Throughput has always been the defining metric inside a warehouse: units per hour, orders per shift, trucks out on time. Increasingly, AI logistics solutions are helping operators achieve warehouse throughput optimization by improving how facilities process data, labor and space.
On a recent episode of the Moving the World podcast, I spoke with Ninaad Acharya, co-founder and chief executive officer at Fulfillment IQ, about what it takes to deploy AI in warehouse operations at scale to increase throughput, maximize space and optimize operational efficiency.
Here are three takeaways from that conversation that warehouse operators should keep in mind when deploying AI to deliver real operational impact.
1. The ability to abstract imperfect, real-world data is essential to deploying AI logistics solutions that deliver meaningful operational impact at scale.
Most large warehouses already generate massive amounts of data through warehouse management systems. AI-driven throughput gains depend on translating that raw, transactional data into operational insight—where congestion is forming, how labor attendance compares to plan, whether equipment constraints are emerging.

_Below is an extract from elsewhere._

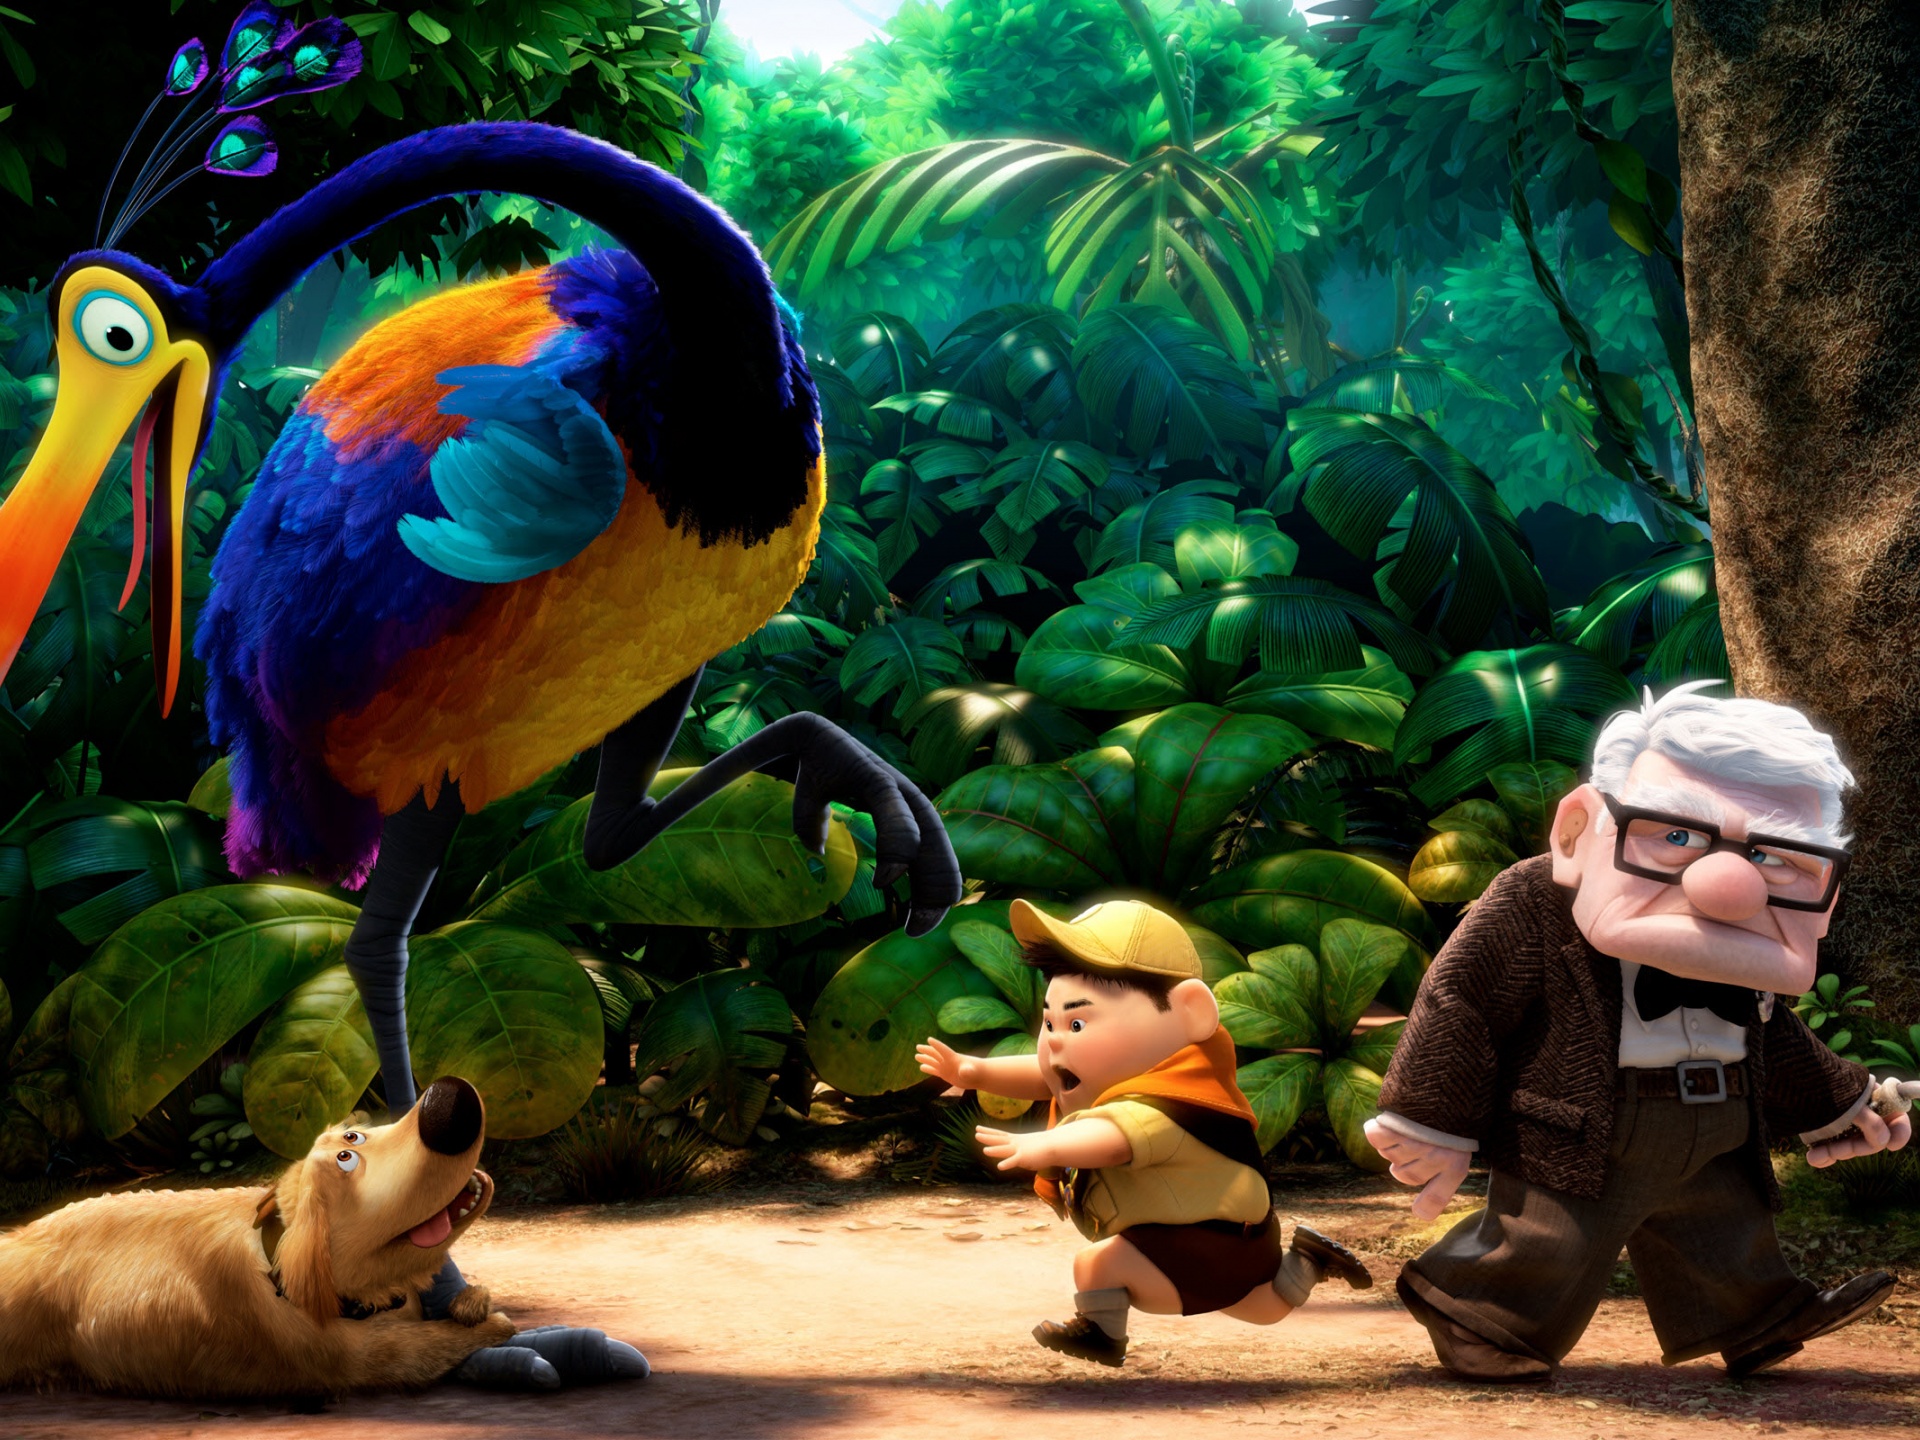 Disney Pixar Up Wallpaper Backgrounds Desktop Wallpapers

Without that contextual layer, recommendations drift from warehouse floor conditions. When structured correctly, however, AI can dynamically adjust and respond to live variability—labor shortages, late system jobs or unexpected downtime.

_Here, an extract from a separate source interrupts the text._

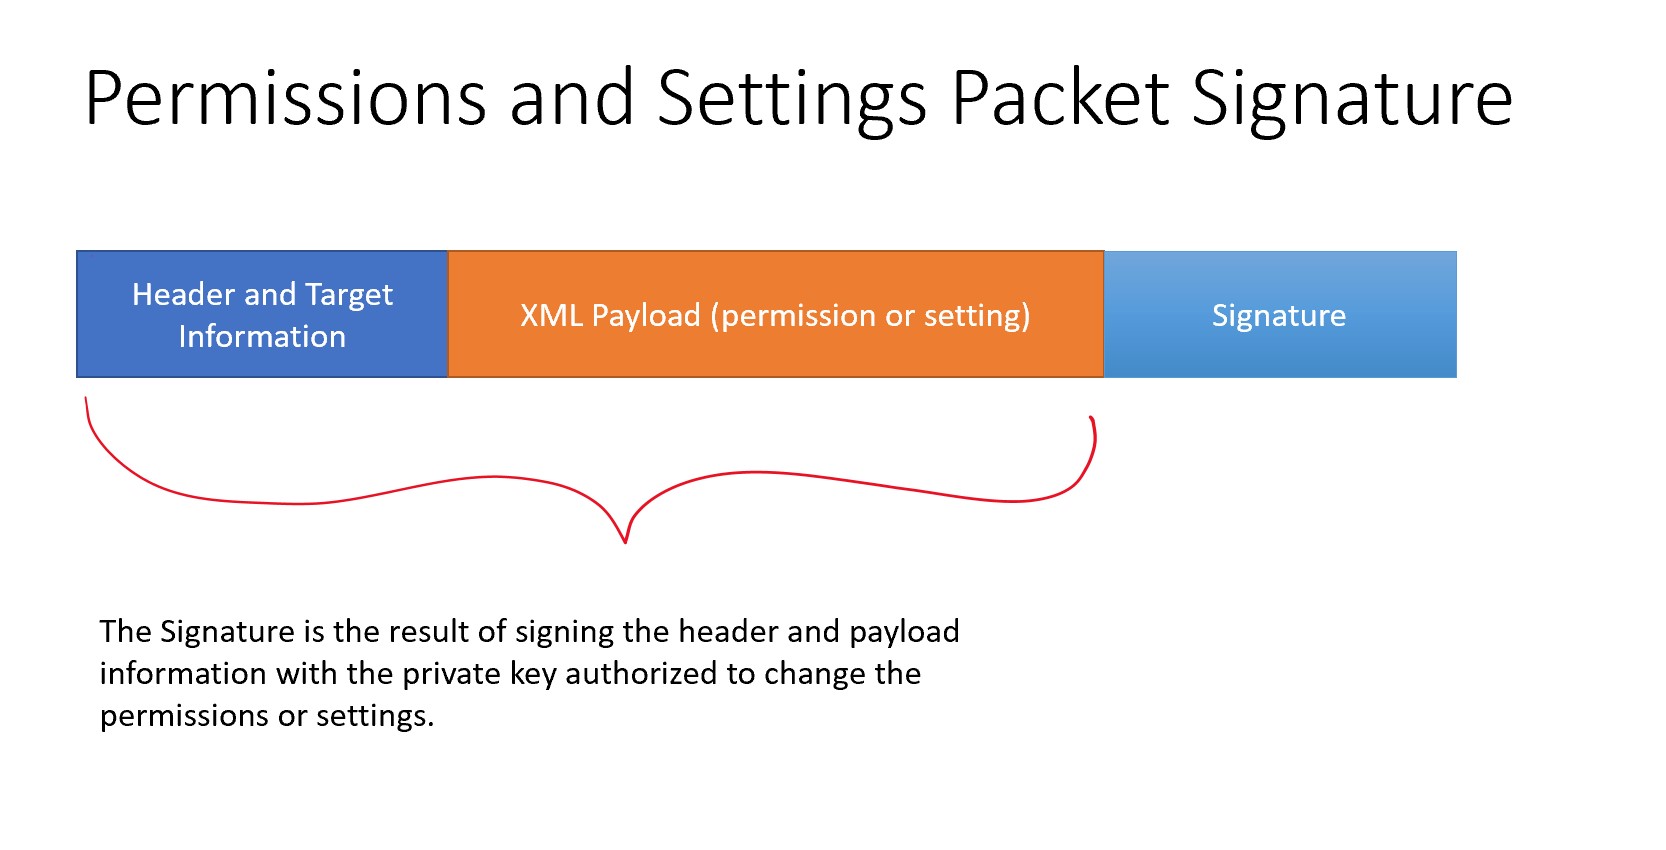 Permission packet signature

2. Successful AI rollouts prioritize training frontline warehouse workers to use AI effectively to boost productivity.
Technology decisions ripple through multiple layers of an organization. Executive leadership evaluates whether the investment justifies the cost. Middle management considers how implementation will affect daily operations. On the warehouse floor, frontline workers are often focused on a more immediate concern: whether AI and automation will replace them.
Warehouse automation ROI requires more than the right technology. Change management often determines whether a rollout succeeds. Systems must integrate into existing workflows and earn trust among the workers responsible for daily output. Organizations that invest in communication, training and phased implementation are more likely to see sustained gains across shifts and facilities.